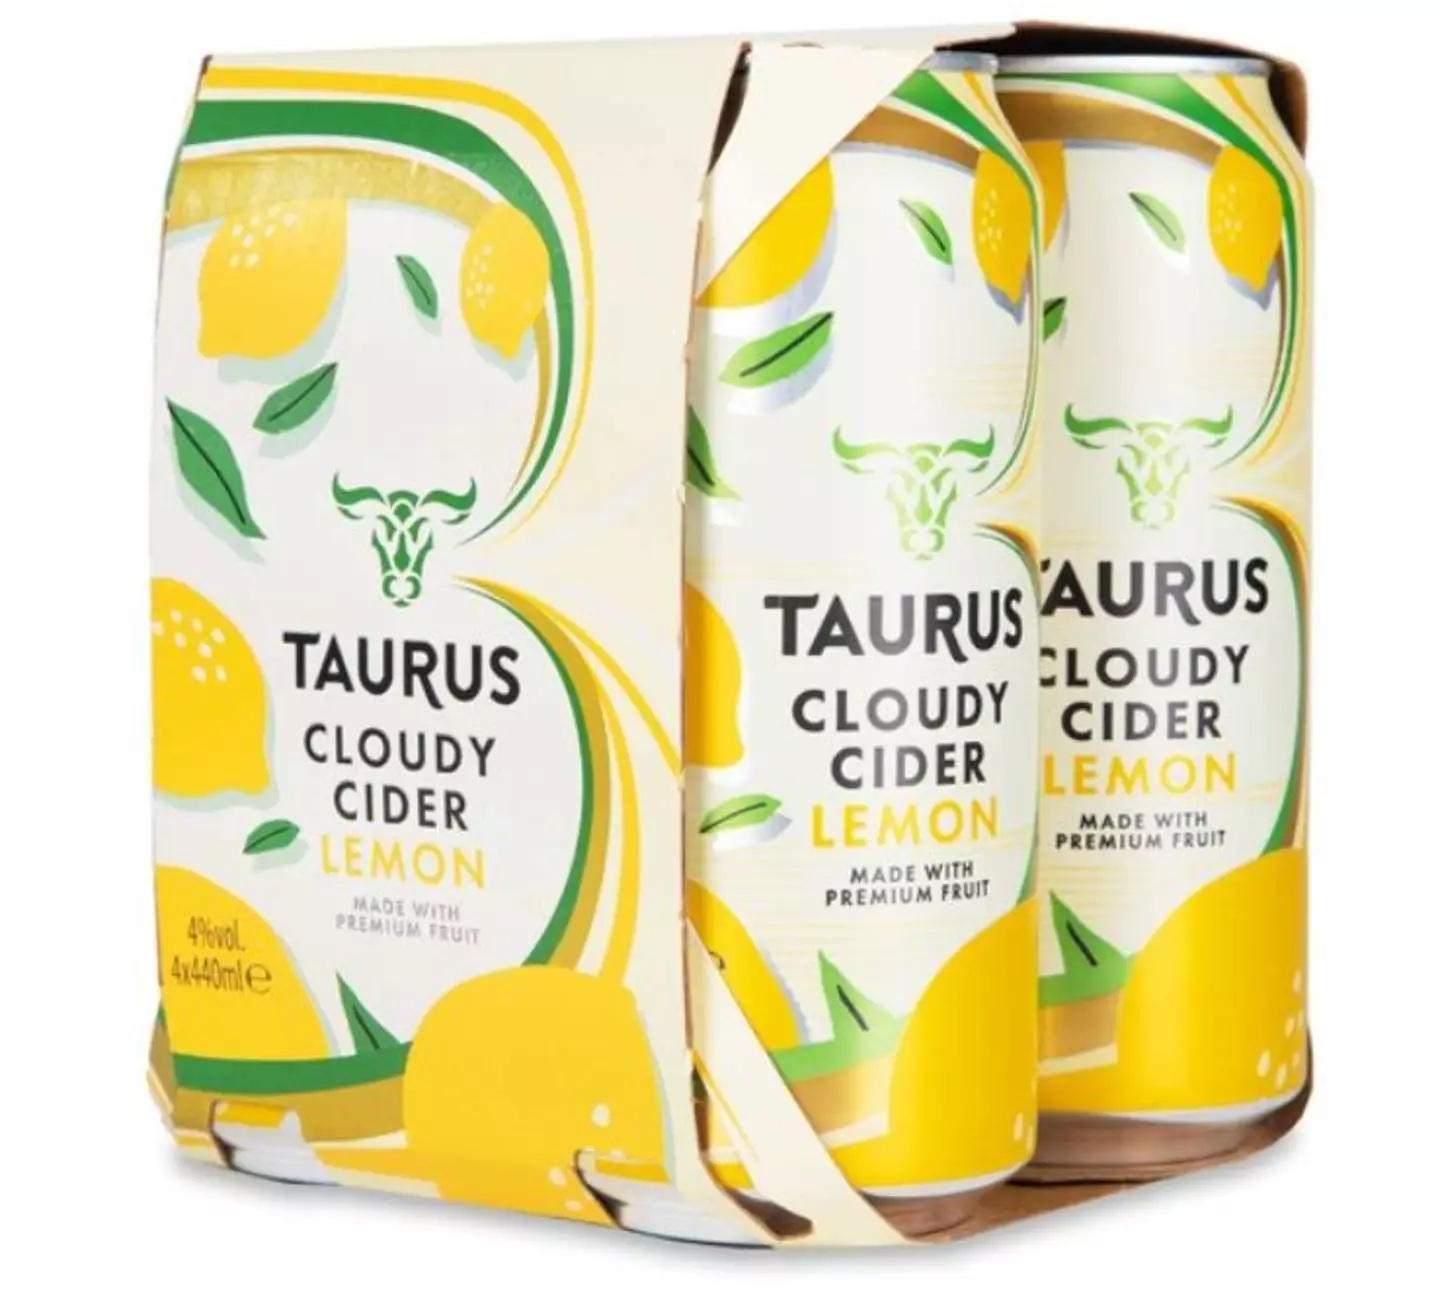 This is Aldi's cloudy lemon cider, Taurus. It might look a bit similar but a judge decided it's not copying Thatchers.
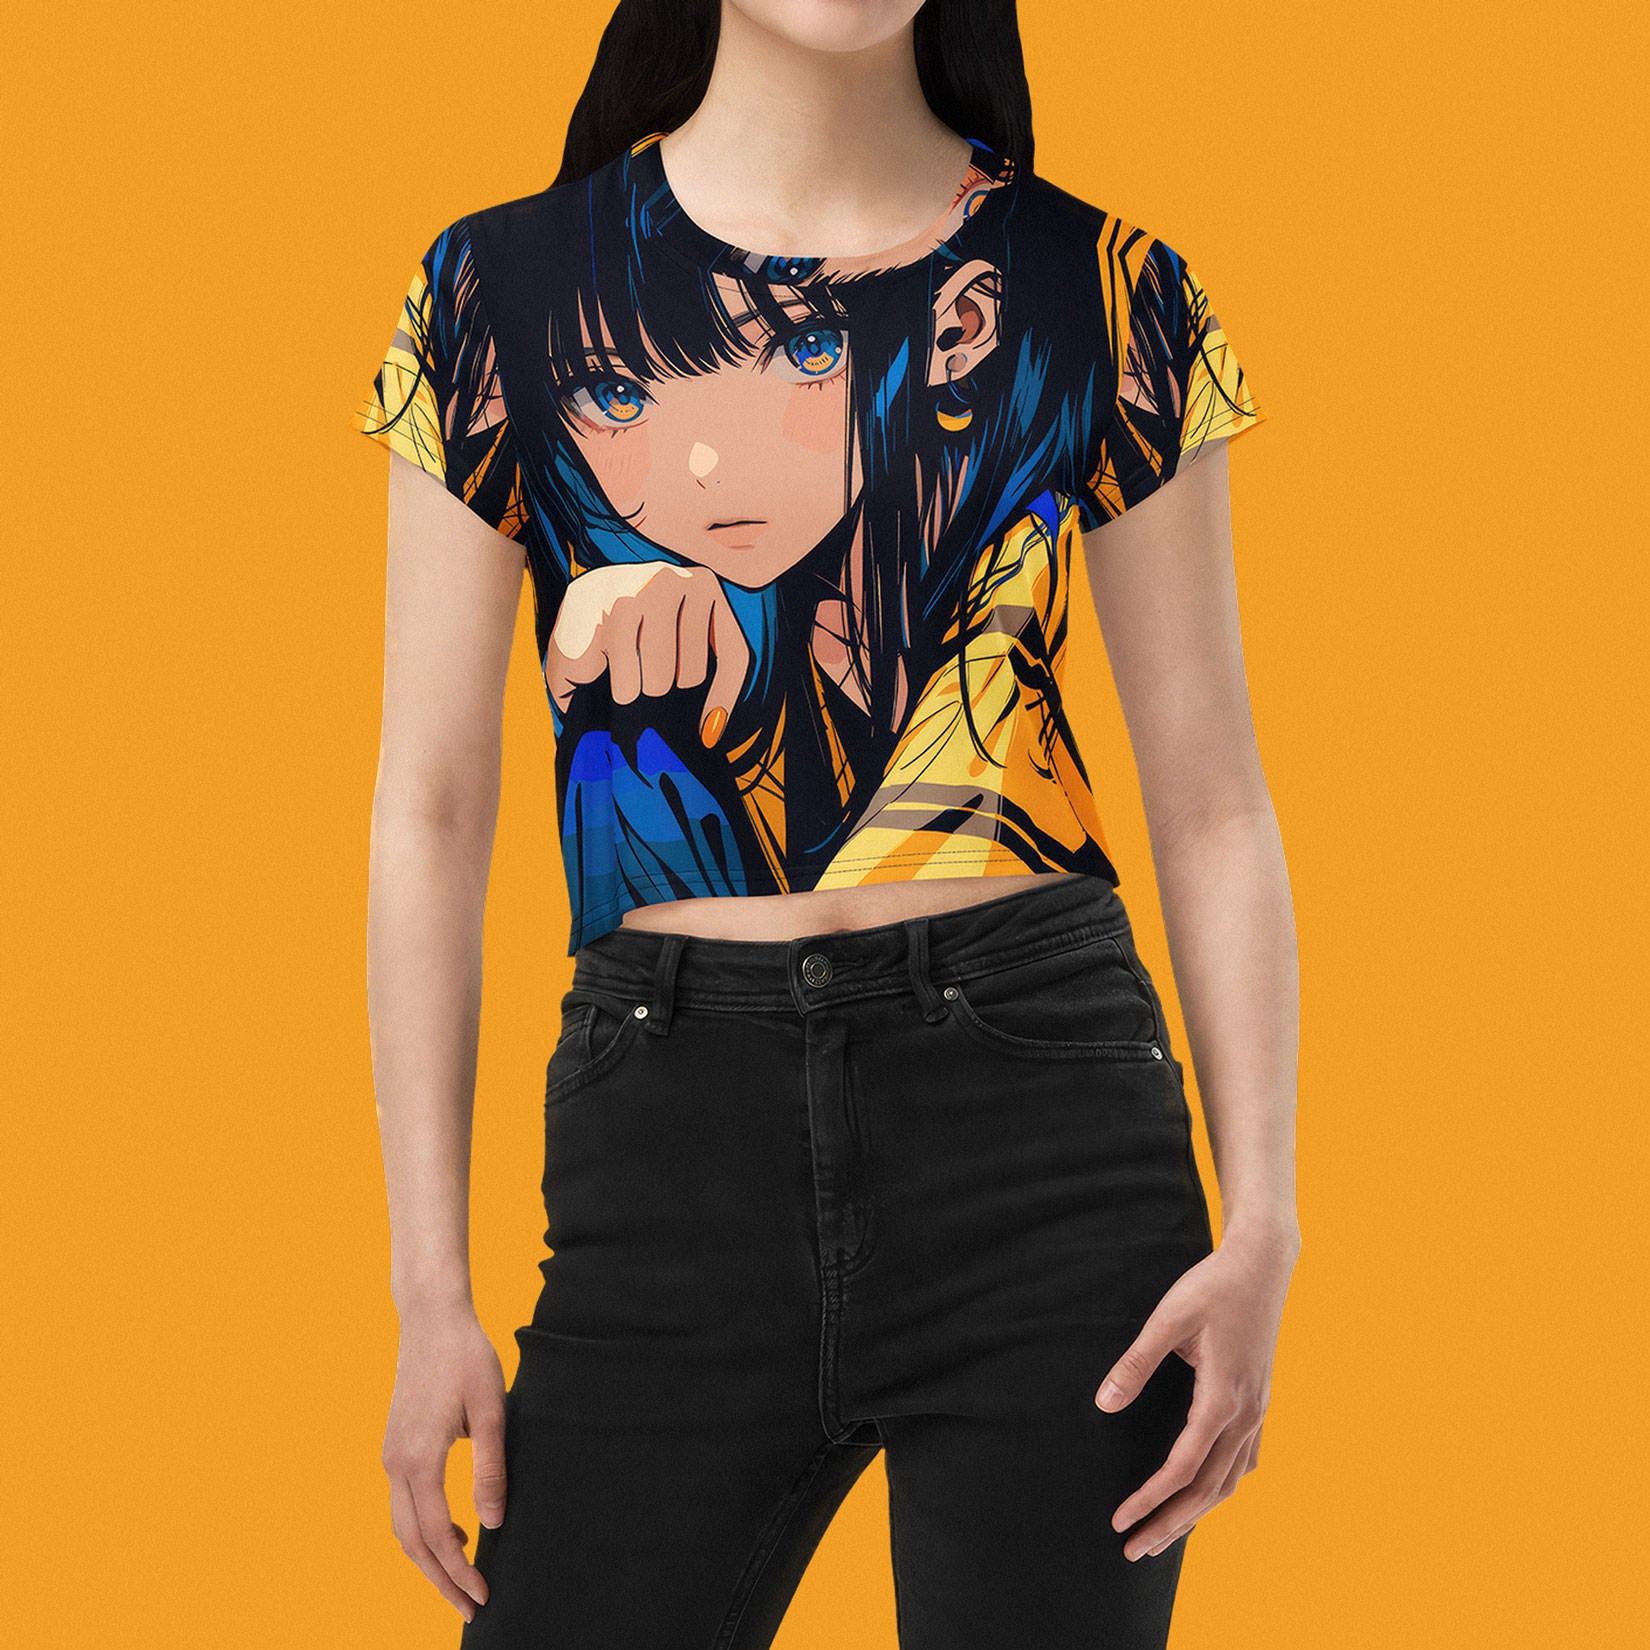 Tokyo Arkade is an experience designed for enthusiasts of Japanese lifestyle & culture. We are a clothing brand that combines the world of anime & video games with a retro style, precisely printed, cut & hand sewn.
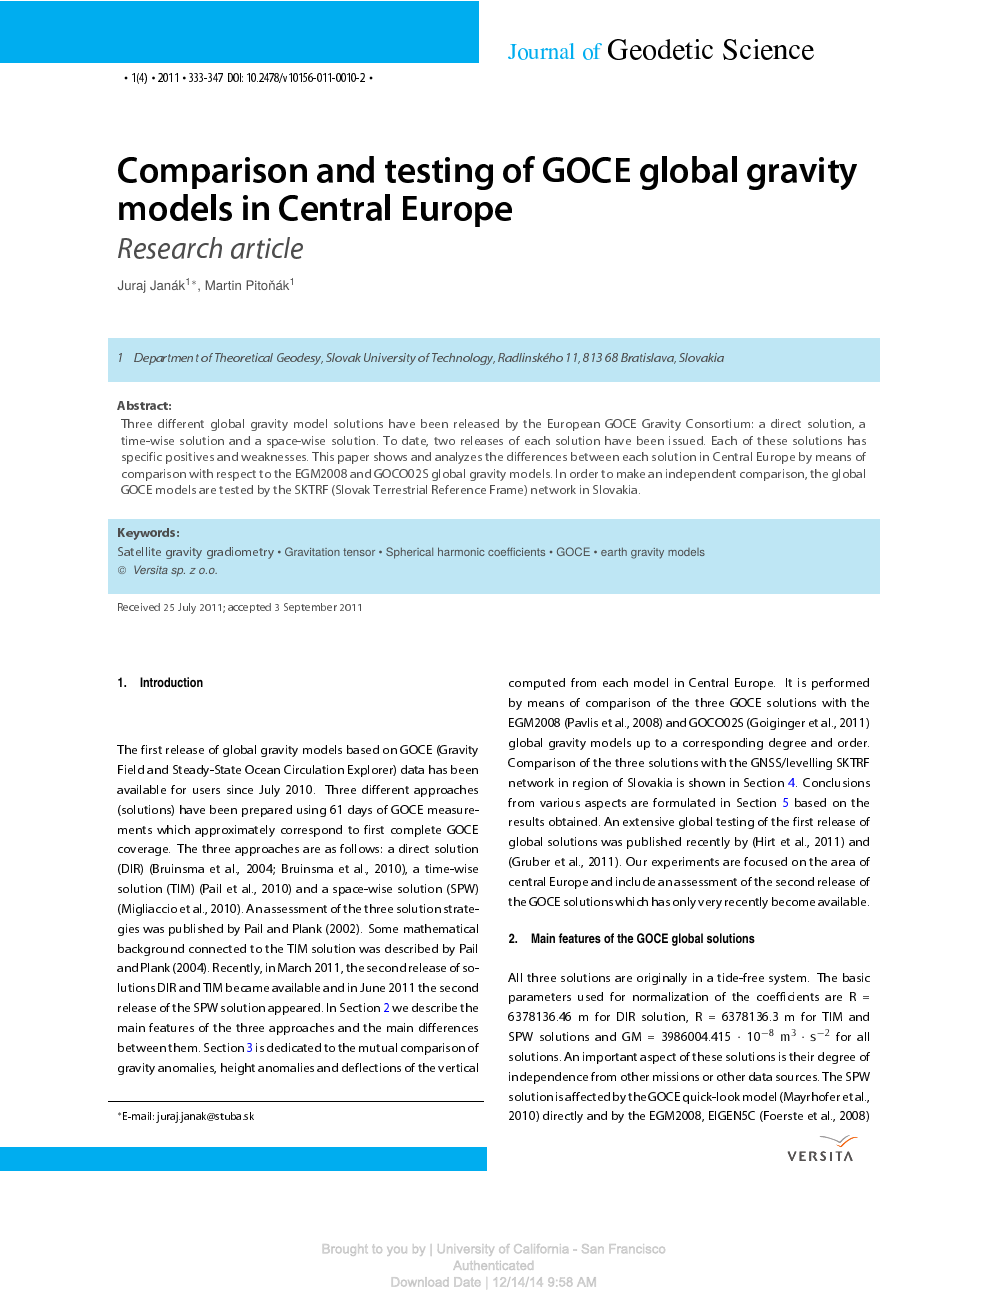 Comparison And Testing Of Goce Global Gravity Models In Central Europe Topic Of Research Paper In Earth And Related Environmental Sciences Download Scholarly Article Pdf And Read For Free On Cyberleninka

• WHAT TO WORK ON
An exact copy of the material above is required, minus its images.

• RESPONSE
 This is Aldi's cloudy lemon cider, Taurus. It might look a bit similar but a judge decided it's not copying Thatchers.
 Tokyo Arkade is an experience designed for enthusiasts of Japanese lifestyle & culture. We are a clothing brand that combines the world of anime & video games with a retro style, precisely printed, cut & hand sewn.
 Comparison And Testing Of Goce Global Gravity Models In Central Europe Topic Of Research Paper In Earth And Related Environmental Sciences Download Scholarly Article Pdf And Read For Free On Cyberleninka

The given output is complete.